# Ssshh don't tell mum...



## jeanluc_pippen_merry (Aug 2, 2011)

(I'm not really a bunny, im a puppy! _meow meow!_)


----------



## Ashleighh (Aug 2, 2011)

Shhh! I'm a puppy too! hehe. This is how us doggies beg our hoomins for treats <3


----------



## jeanluc_pippen_merry (Aug 3, 2011)

(All i have to do is show mum my puppy dog eyes and i get anything i want! ^.^)


----------



## gmas rabbit (Aug 3, 2011)

these guys are just too cute, thank you for the warm and fuzzy pictures.


----------



## I_heart_Fraggles (Aug 3, 2011)

I dont need to be a puppy at all. I just GET what I WANT!!!!! Cause I am a queen. Long live queen Fraggles


----------



## Kipcha (Aug 3, 2011)

I would say Babbitty is puppy-like... But Babbitty is way cuter then any puppy!

[align=center]



[/align]


----------



## jeanluc_pippen_merry (Aug 3, 2011)

Hehe definitely cuter than a puppy!
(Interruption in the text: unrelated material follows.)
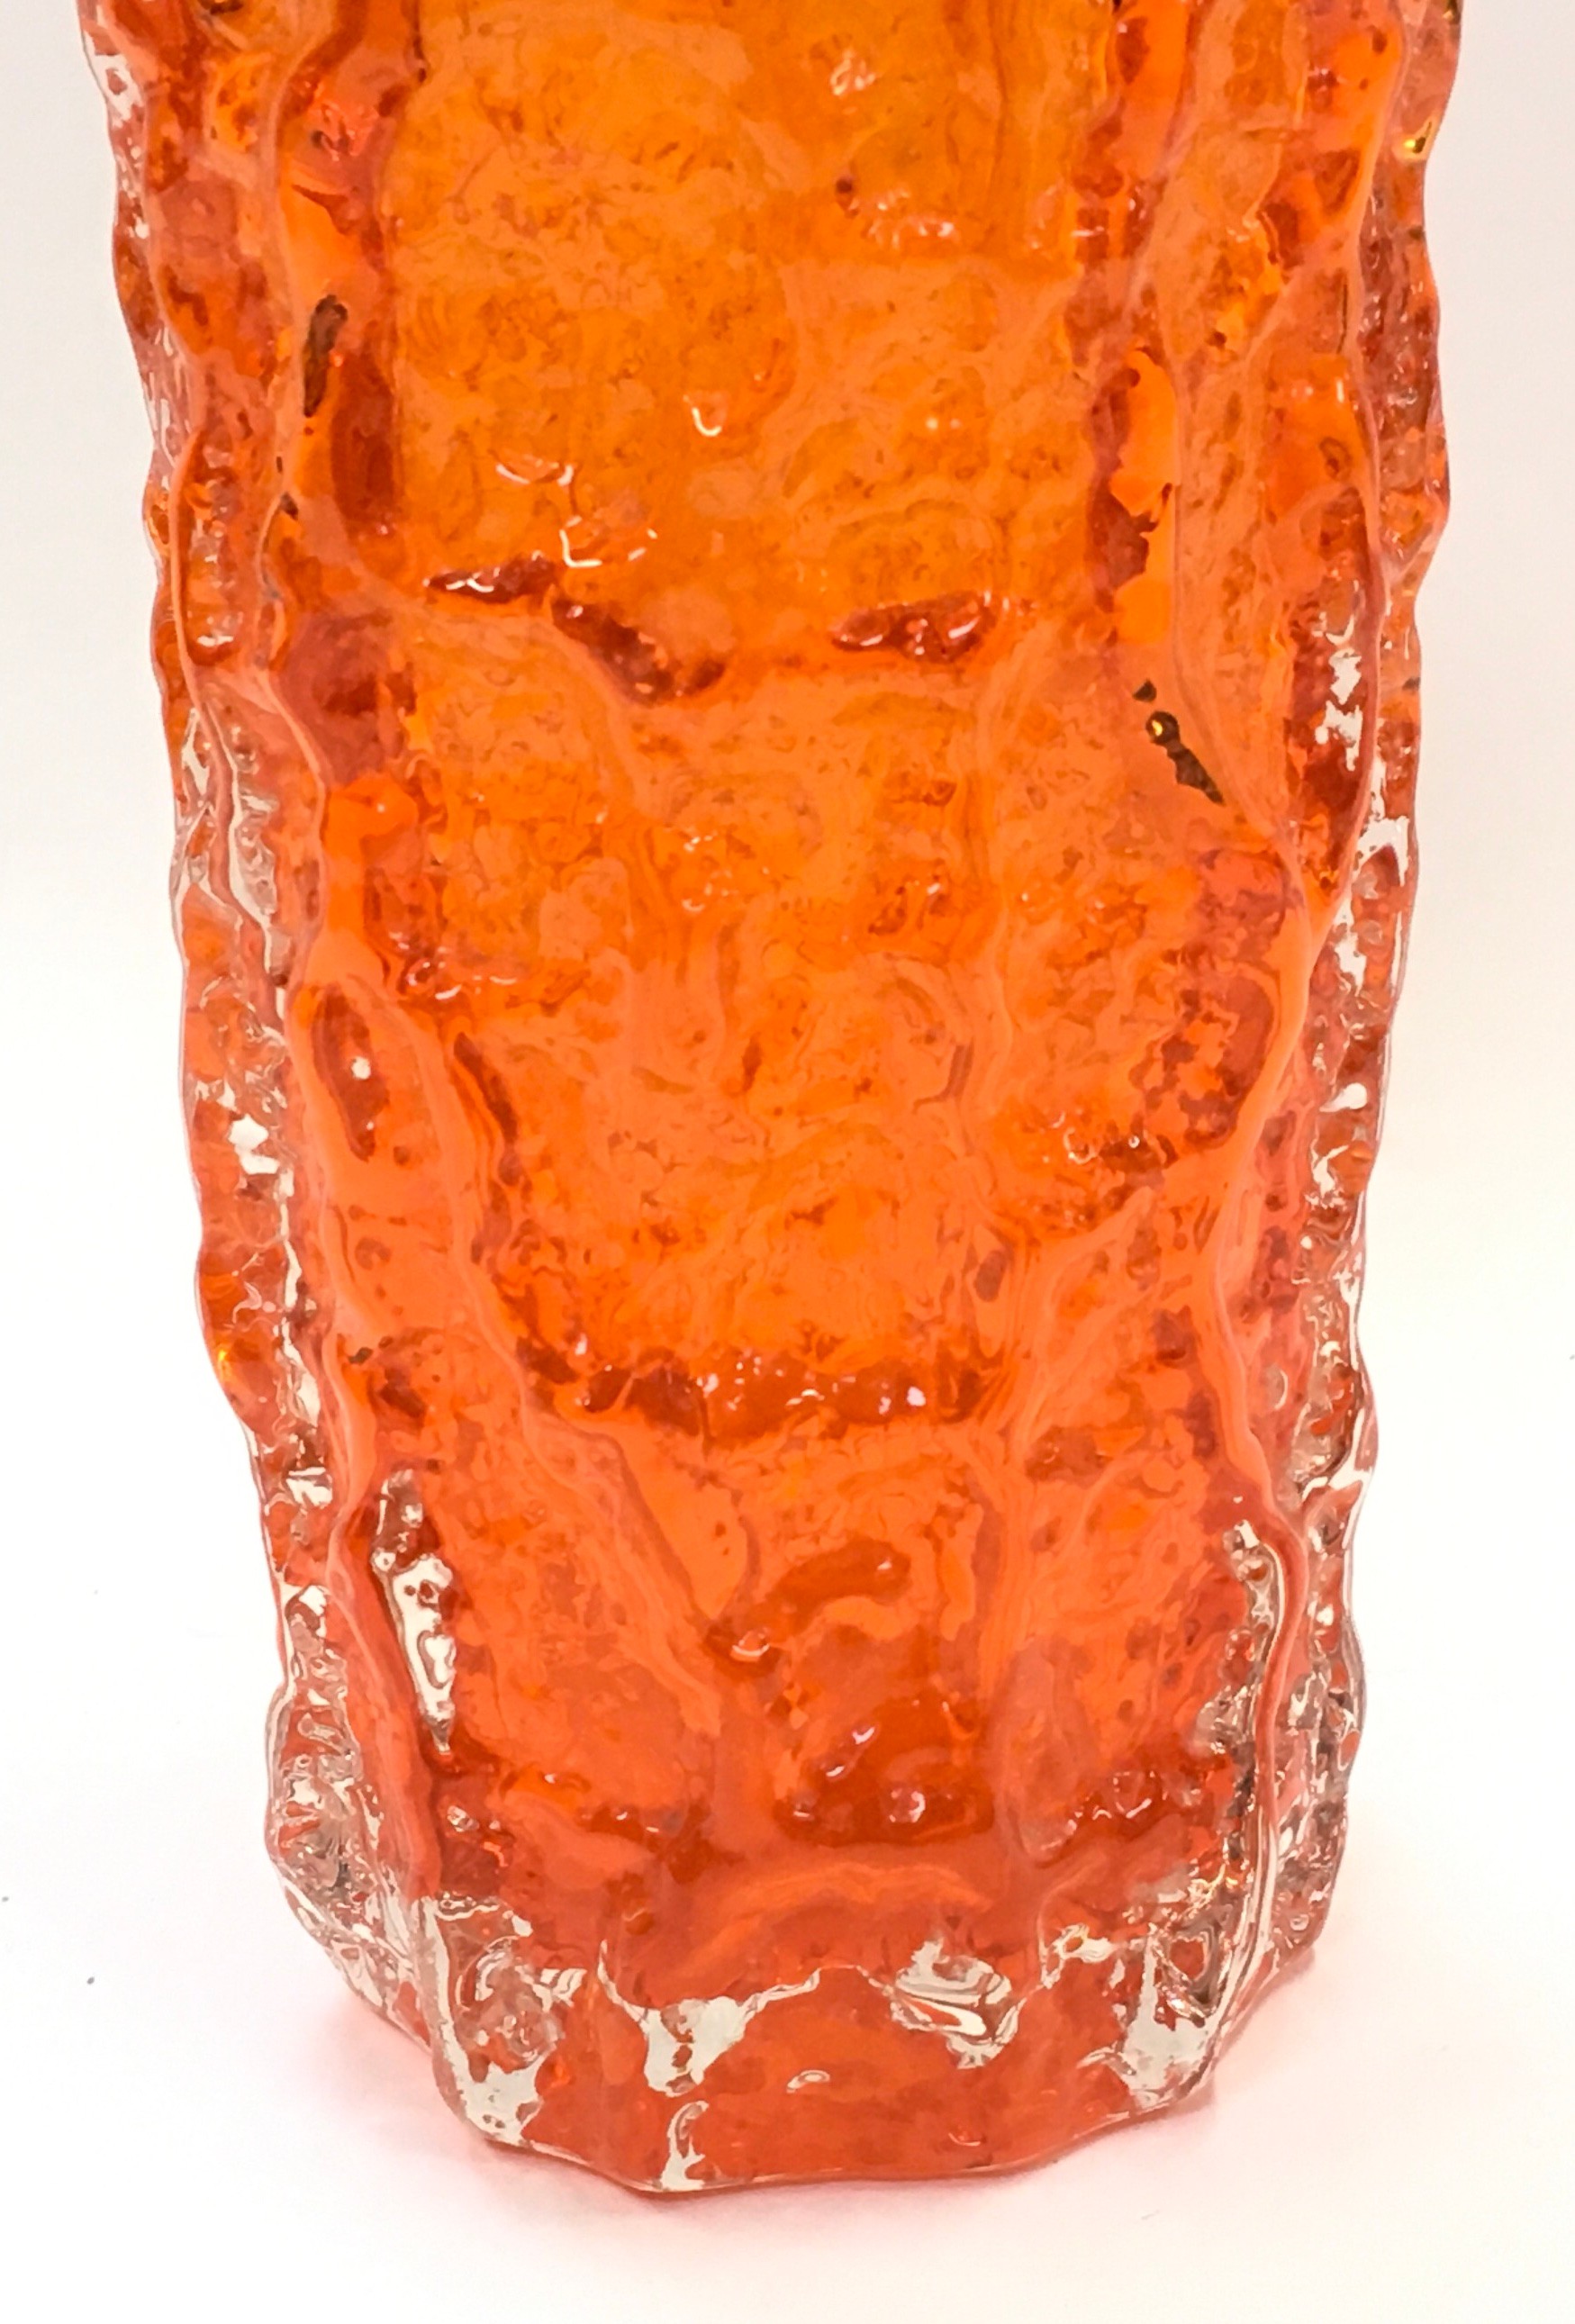 Whitefriars Tangerine textured glass vase designed by Geoffrey Baxter 20 cm high 8.5cm diameter. - Image 3 of 5

Mum used to be a dog person until she got us, now she's a crazy puppy rabbit lady! 

(I'm getting a little peckish...)


----------



## gmas rabbit (Aug 4, 2011)

Very, very cute little puppies. Fraggles did you give up your goal to be president in exchange to being a queen??lol. You are so cute you could be both.


----------